The gotcha: ordering. If the queue isn't strictly ordered, writes can apply out of order to the new store, producing a different state than the old. Either use a strictly-ordered queue (Kafka with single partition per entity, FIFO SQS) or include an idempotency token that lets the new store's logic handle out-of-order applies.
The first metric to watch
Not correctness. Latency on the old path. A common dark-launch failure: the new code path holds a shared resource (a connection pool, a CPU core, a file descriptor) that starves the old path. Latency on the canonical path goes up; users notice. Watch it before you watch any other metric.
The metrics dashboard for a dark launch should look like this. Top of the dashboard: old-path latency p95 (must NOT regress). Old-path error rate (must NOT regress). Then: new-path metrics for monitoring the new code. Putting the user-facing metrics first reflects the priority — the user shouldn't notice the dark launch at all.
The trap. Engineers monitor the new code's correctness obsessively (because that's the new code, that's what they wrote). Meanwhile, latency on the old path slowly creeps up because the new code is competing for resources. The new code is "correct" but the user is frustrated. Always lead with the old-path metrics.
How long to dark launch
At least one full traffic cycle (typically 24 hours). Ideally a full week to capture weekly patterns.
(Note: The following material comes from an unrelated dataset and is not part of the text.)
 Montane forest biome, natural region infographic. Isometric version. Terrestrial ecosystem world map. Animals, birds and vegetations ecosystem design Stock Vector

Several weeks for systems with monthly billing or quarterly cycles.
The reason for the duration. Dark launches catch issues that appear under specific traffic patterns. A 24-hour test catches the daily peak; a 7-day test catches the weekly batch jobs and weekend traffic; a 30-day test catches monthly cycles. Stopping early misses the patterns the dark launch was meant to catch.
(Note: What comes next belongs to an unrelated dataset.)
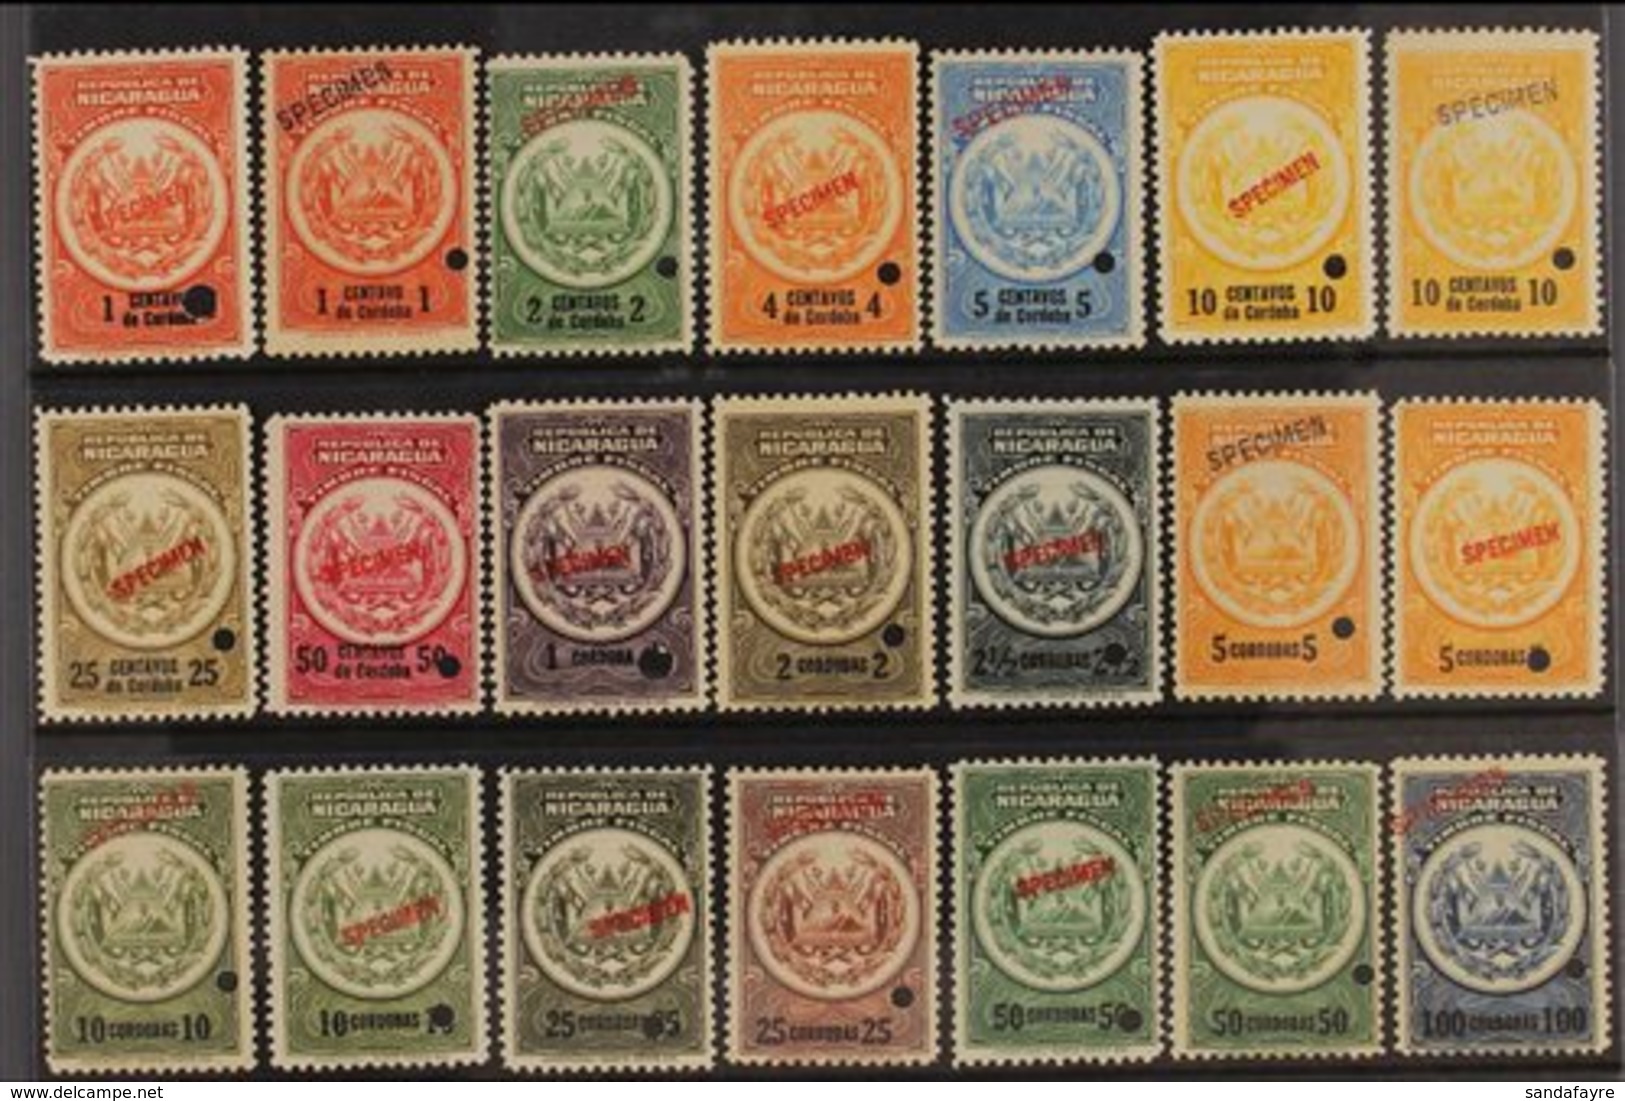 REVENUES TIMBRE FISCAL 1920 All Different Group With Values To 100cor, All With "SPECIMEN" Overprints & Small Security P - Nicaragua

The dwell time also lets you collect comparison data. After 7 days, you have ~7 million data points where the new code processed the same input as the old. Discrepancies (where new and old disagreed) cluster around interesting bug classes. Less than 24 hours of data, the discrepancies are too sparse to find patterns.
Common antipatterns
Dark launching forever. Team starts a dark launch, confirms it works, never moves to actual rollout. Six months later the dark launch is its own infrastructure to maintain. Always set a "promote or abandon" deadline — typically 4 weeks.
The dark launch with logs nobody reads. Discrepancies are logged at INFO level into a system the team doesn't monitor. Weeks pass; the team thinks the new code is correct because nothing's screamed. Set up alerting on discrepancy rate; not just logging.
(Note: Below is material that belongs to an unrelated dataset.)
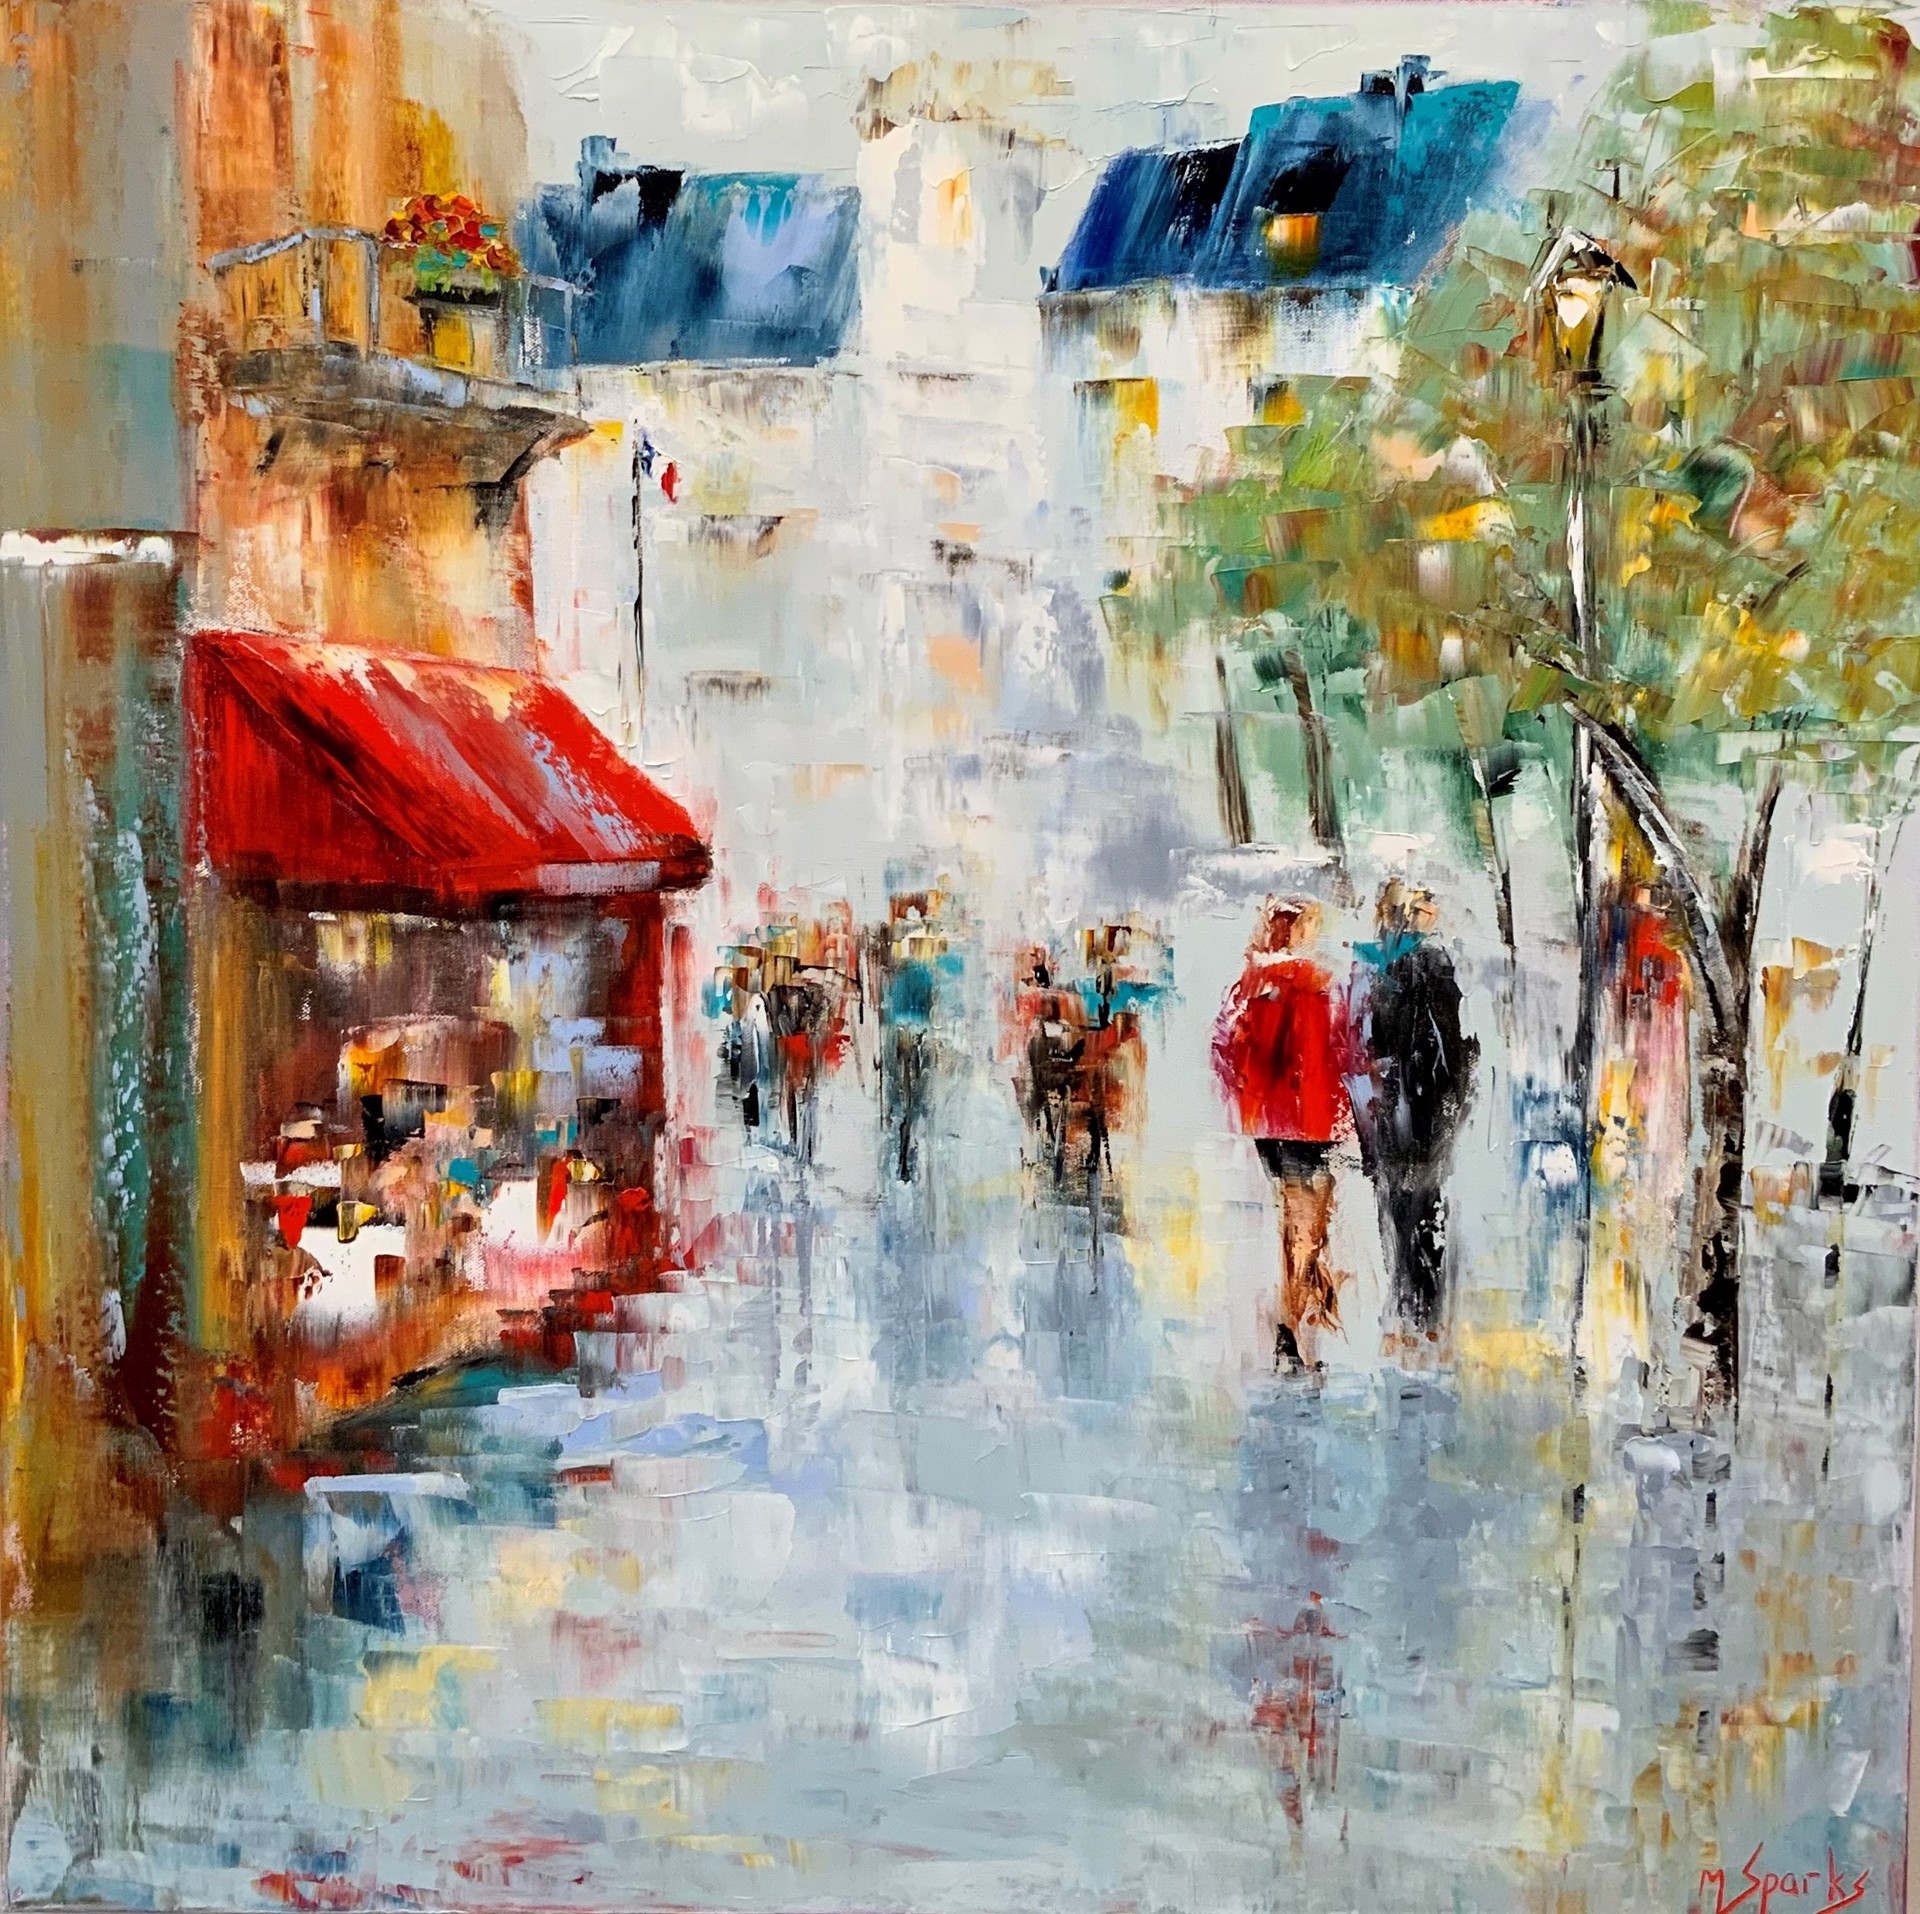 City Centre Stroll by Marilyn Sparks

Dark launches that mutate state. The "new code path" performs side effects (sends emails, posts to webhooks) that you can't easily undo. Now the dark launch is no longer dark; users are receiving things. Strict isolation: if it has side effects, it can't be a dark launch.
Dark launches without a comparison harness. The new code runs in parallel; nobody compares the outputs. Six weeks in, the team is confident the new code "is fine" — but they have no quantitative basis. Comparison harnesses log the discrepancies; without them, you're flying blind.
What to do this week
Three moves. (1) Pick a service rewrite that's been parked because "we need to be sure it works at scale." Start a dark launch this sprint — even a basic parallel-call pattern unlocks the rewrite. (2) Add an old-path latency dashboard tile to your dark-launch monitoring; lead with it. (3) Set a 4-week deadline for any active dark launch. The deadline forces a decision: promote, extend with reason, or abandon.